Another strategy would be to buy (expensive) mother cows and borrow a horny bull from the neighbours. Then you can cash in early and sell off the young calfs as soon as they are big enough. Leaves you with 3k a head.

Posted

I am only familiar with the US beef market -- which is very different from the market in Thailand e.g. feedlots, subsidies -- but I know it's pretty hard to make a living raising cattle. The net profit (income - expense) on a single head of cattle varies from year to year but is generally small. For examples (note these are from different years):

http://www.math.uic.edu/~takata/some_artic...ntibiotics.html

Pollan says that according to Cattle Facts, a market research firm, the return on an animal coming off of a feedlot has averaged about $3 per head over the last 20 years.
http://beef-mag.com/mag/beef_net_return_details/
average net return per cow last year was $64.87. But the average net return among the 20% least profitable operations was -$46.91/cow. Compare that to the $164.03 net return/cow for the 20% most profitable operations. That's a $210.94/cow difference.

http://extension.usu.edu/files/agpubs/sep99nl.htm

The average net return per head was -$21.89. The range in net return varied between a profit of $60.57 and a loss of $123.27.
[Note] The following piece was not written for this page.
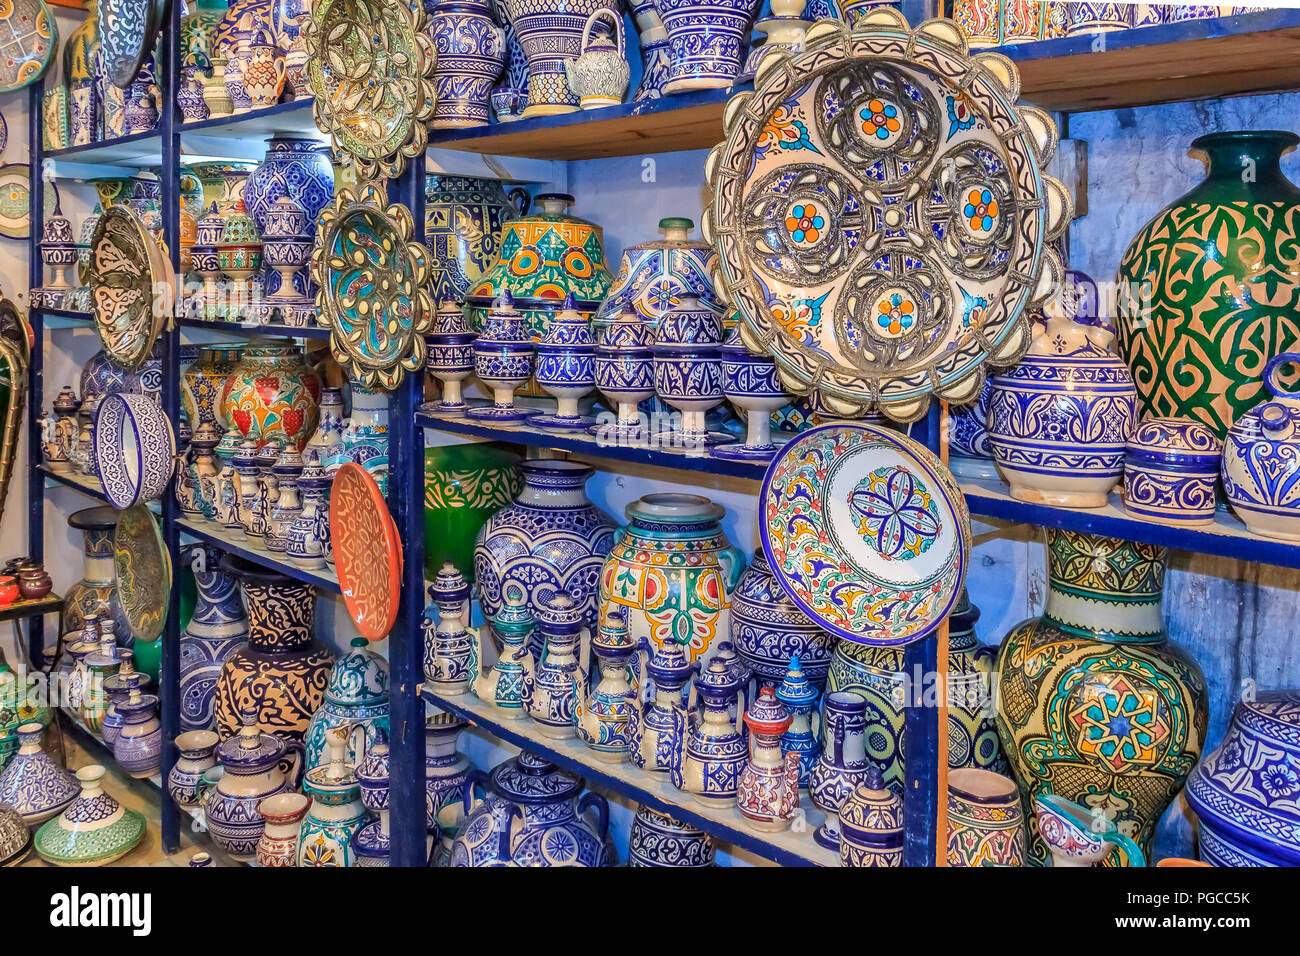 Fes marocco 11 maggio 2013: marocchina ceramica artigianato sul
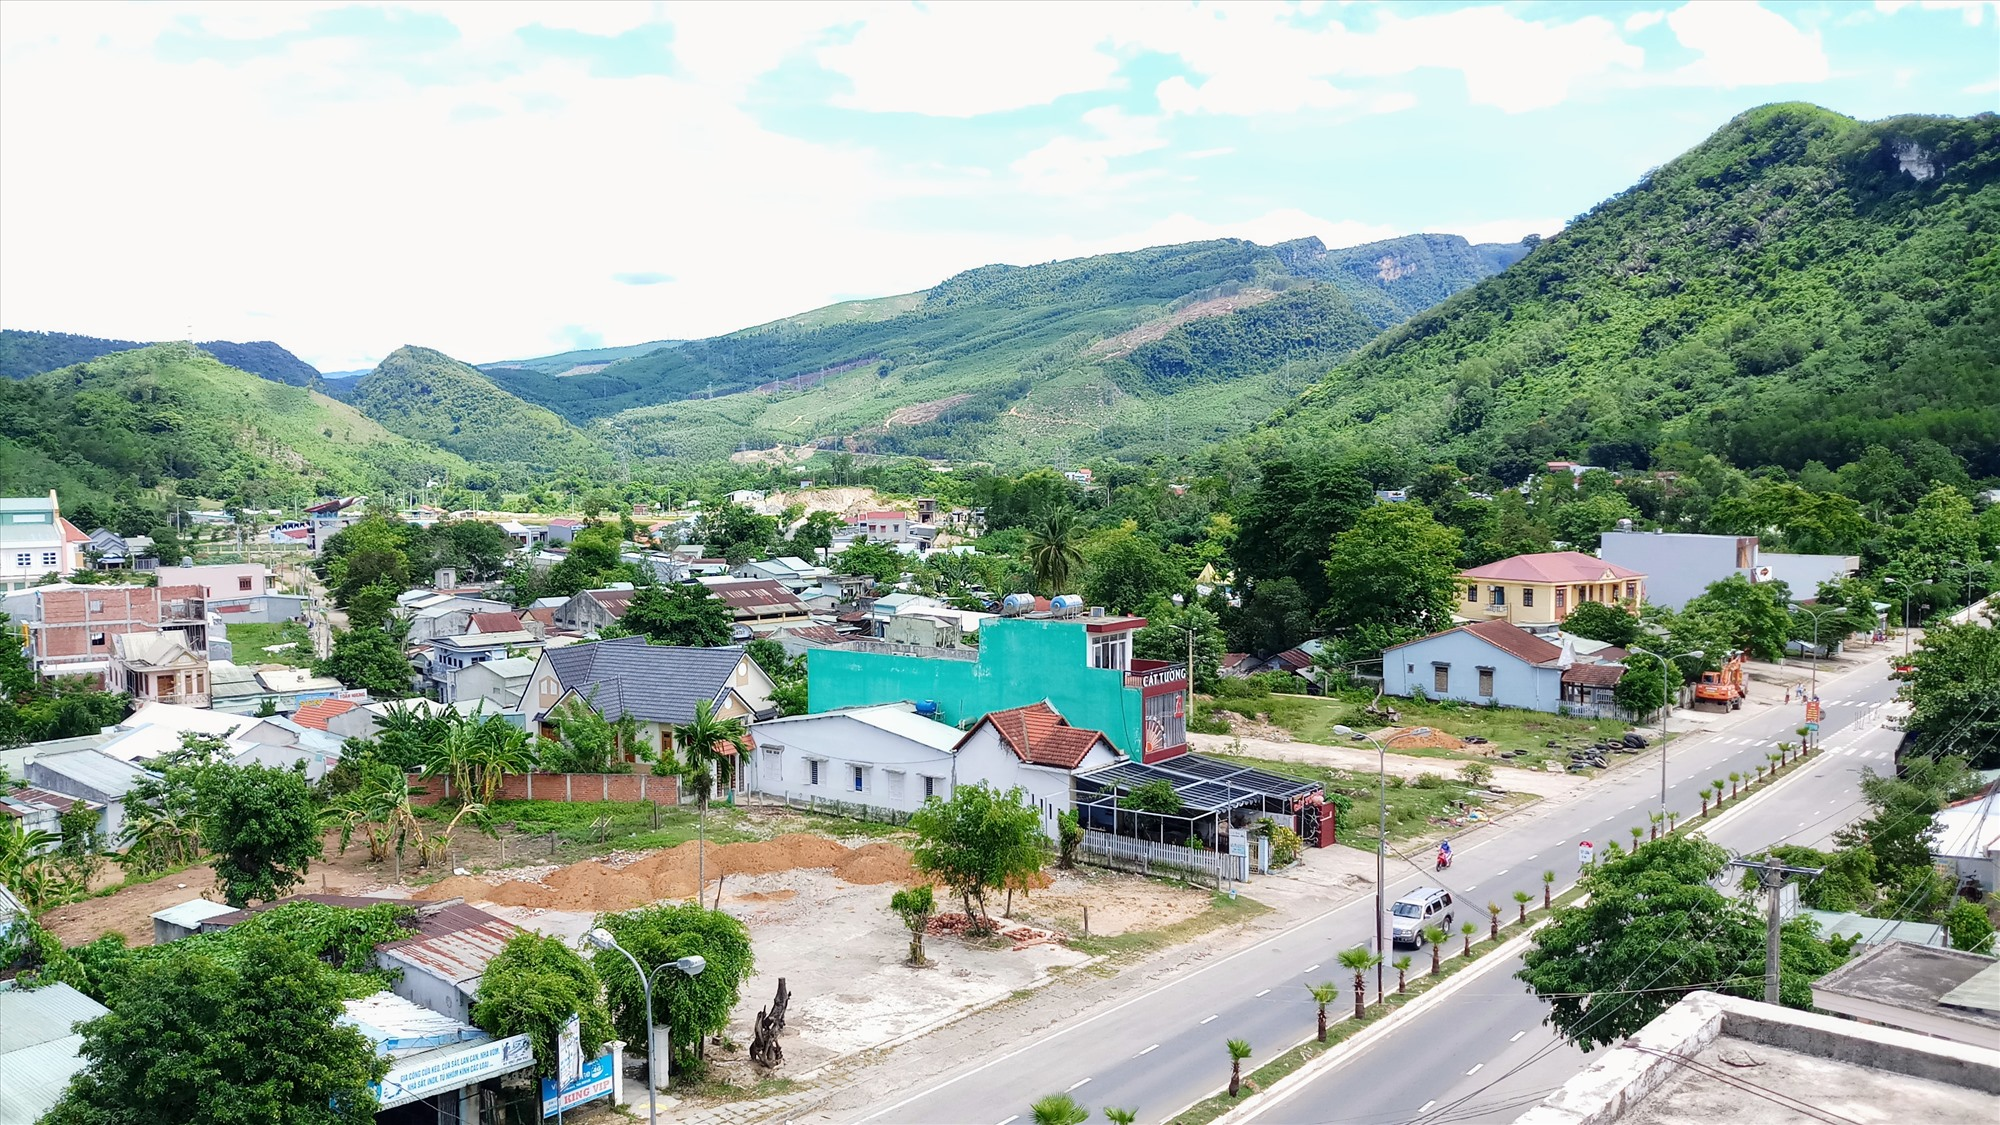 Hiệu quả thực hiện Nghị quyết Đại hội Đảng bộ huyện nhiệm kỳ 2015 - 2020 giúp diện mạo Nam Giang dần khởi sắc. Ảnh: ALĂNG NGƯỚC

I don't know if similar statistics are collected and/or made available in Thailand.

Posted

I think raising buffalo makes a lot of sense. They are well adpated to local conditions. The profit data for US beef cattle does not apply to Thai buffalo. I think some of you are confusing buffalo and cattle in terms of prices, etc. I think an average price of 20,000 baht per head for buffalo is about right assuming a large sized animal (an animal half the size might be 10,000 baht!). Males are normally bigger than females so prices should be higher if being considered for their meat value. I doubt that any of you have seen an increase in buffalo populations because the buffalo population in Thailand is in decline due to mechanization - buffalo are traditionally raised for pulling ploughs not producing meat. Cattle populations may indeed be increasing indicating that it is profitable to raise cattle. There have been other threads in this forum with lots of interesting information about the beef market in Thailand. Buffalo meat is commonly used to make meat balls as eaten with noodle soup. In order to satisfy the market demand Thailand imports lots of live buffalos from neighbouring countries (e.g. Burma, Cambodia and Laos) for slaughter. It also imports thousands of tons of frozen buffalo meat by the container load from India (vegetarians there raise buffalo for milk but don't eat the meat). It is commonly perceived that buffalo meat is tough, but if raised properly for beef and slaughtered at the right age that is not true. They are now raising buffalo in Australia for high quality beef sold under the brand name "Carabeef" (Buffalo are known as carabao in some countries like Philippines). (I don't have the link at hand but try Google for more information) While buffalo can survive on low quality feed like rice straw, you would be better growing some decent food - forage grasses and legumes. The sizes of buffalo have been declining over the years, part of the reason is inbreeding, therefore you should try to get your bulls from a different source than your cows. By the way, buffalo milk is the raw material for mozzarella cheese, but the breed of buffalo in Thailand is not the dairy type. For more interesting information on buffalo go here. http://ww2.netnitco.net/users/djligda/waterbuf.htm

Posted

Thanks for all the responses. We are planning on the land first. I shall process slowly - always do. It sounds like it might be an interesting way of making a bit of pocket money and entertaining / employing the in-laws.